Question

he function f(x)=ln(9−x) is represented as a power series

Answer 1

\[f(x)=\sum_{n=0}^{oo}c_{n}x^n\]

find c0, c1,c2 etc.

Answer 2

@jim_thompson5910

Answer 3

check out this page

https://www.math.ucdavis.edu/~thomases/W11_16C1_lec_3_4&3_7_11.pdf

specifically what I'm attaching as an image

Answer 4

ok thanks, the book i have is more confusing then this

Answer 5

np

Answer 6

how do i solve for c?

Answer 7

@jim_thompson5910

Answer 8

c is where you center the power series at

Answer 9

so if you center it at say x = 0, then c = 0

or if you center it at x = 1, then c = 1

Answer 10

im trying to find f'(c)(x-c)

so i get 1/9(x-0) = x/9

but what is x?

Answer 11

can I see the full problem as a screenshot?

Answer 12

on that pdf, the first term is f(c)

since the first term you have is ln(9) and f(c) = ln(9), this means

f(x) = ln(9-x)
f(c) = ln(9-c)
ln(9) = ln(9-c)
9 = 9-c
c = 0

Answer 13

so this power series is centered at x = 0

Answer 14

yes i got that far

Answer 15

but the next one c1

Answer 16

c1 is not = 0

Answer 17

c1 = f ' (c)
c1 = -(9-c)^(-1)
c1 = -(9-0)^(-1)
c1 = -1/9

Answer 18

f ' (x) = -(9-x)^(-1)

Answer 19

c2 = f '' (c)/2

c3 = f ''' (c)/6

etc etc

look at page 5 of that pdf

Answer 20

how did you get negative?

Answer 21

the derivative of ln(x) is 1/x

so the derivative of ln(9-x) is 1/(9-x) times the derivative of the inside terms.
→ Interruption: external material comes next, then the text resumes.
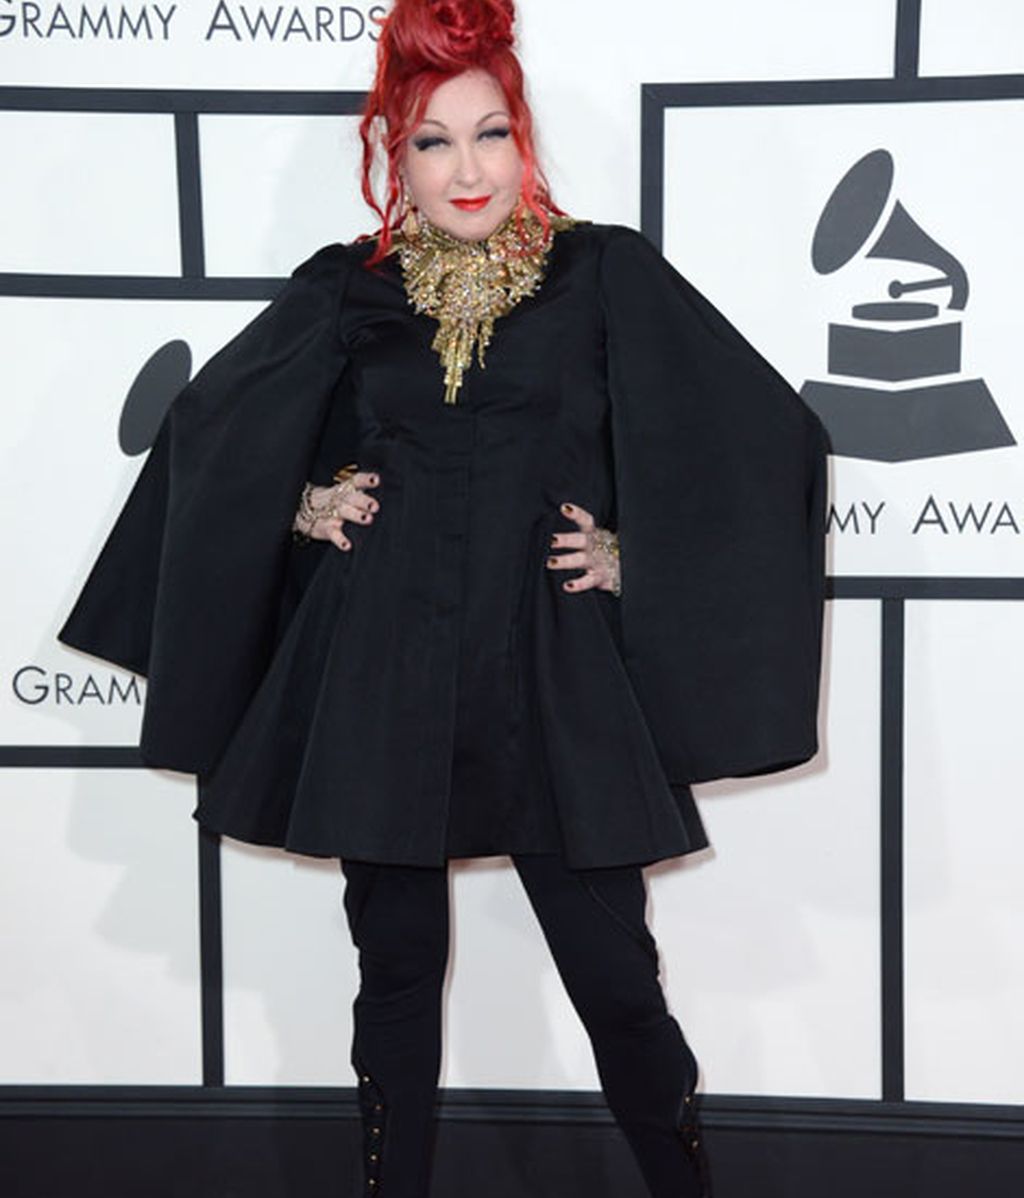 Brillos, escotes y transparencias, en la alfombra roja de los Grammy

Don't forget the chain rule

Answer 22

1/(9-x) * derivative of (9-x) = (9-x)^(-1) * (-1) = -(9-x)^(-1)

Answer 23

ah ok

Answer 24

so x and c are the same

Answer 25

in most of these problems or?

Answer 26

the same? what do you mean

Answer 27

x is a variable, c is a constant

Answer 28

c=0

f(0)=f'(0)(x-0)?

Answer 29

so it looks like you're computing the first term

Answer 30

yes

Answer 31

-1/9(x)

Answer 32

ah ok so -1/9 is just the c part

Answer 33

yes the coefficient to the (x-c)^n term

Answer 34

alright i should be able to get the rest thanks alot man.

Answer 35

life saver

Answer 36

glad to be of help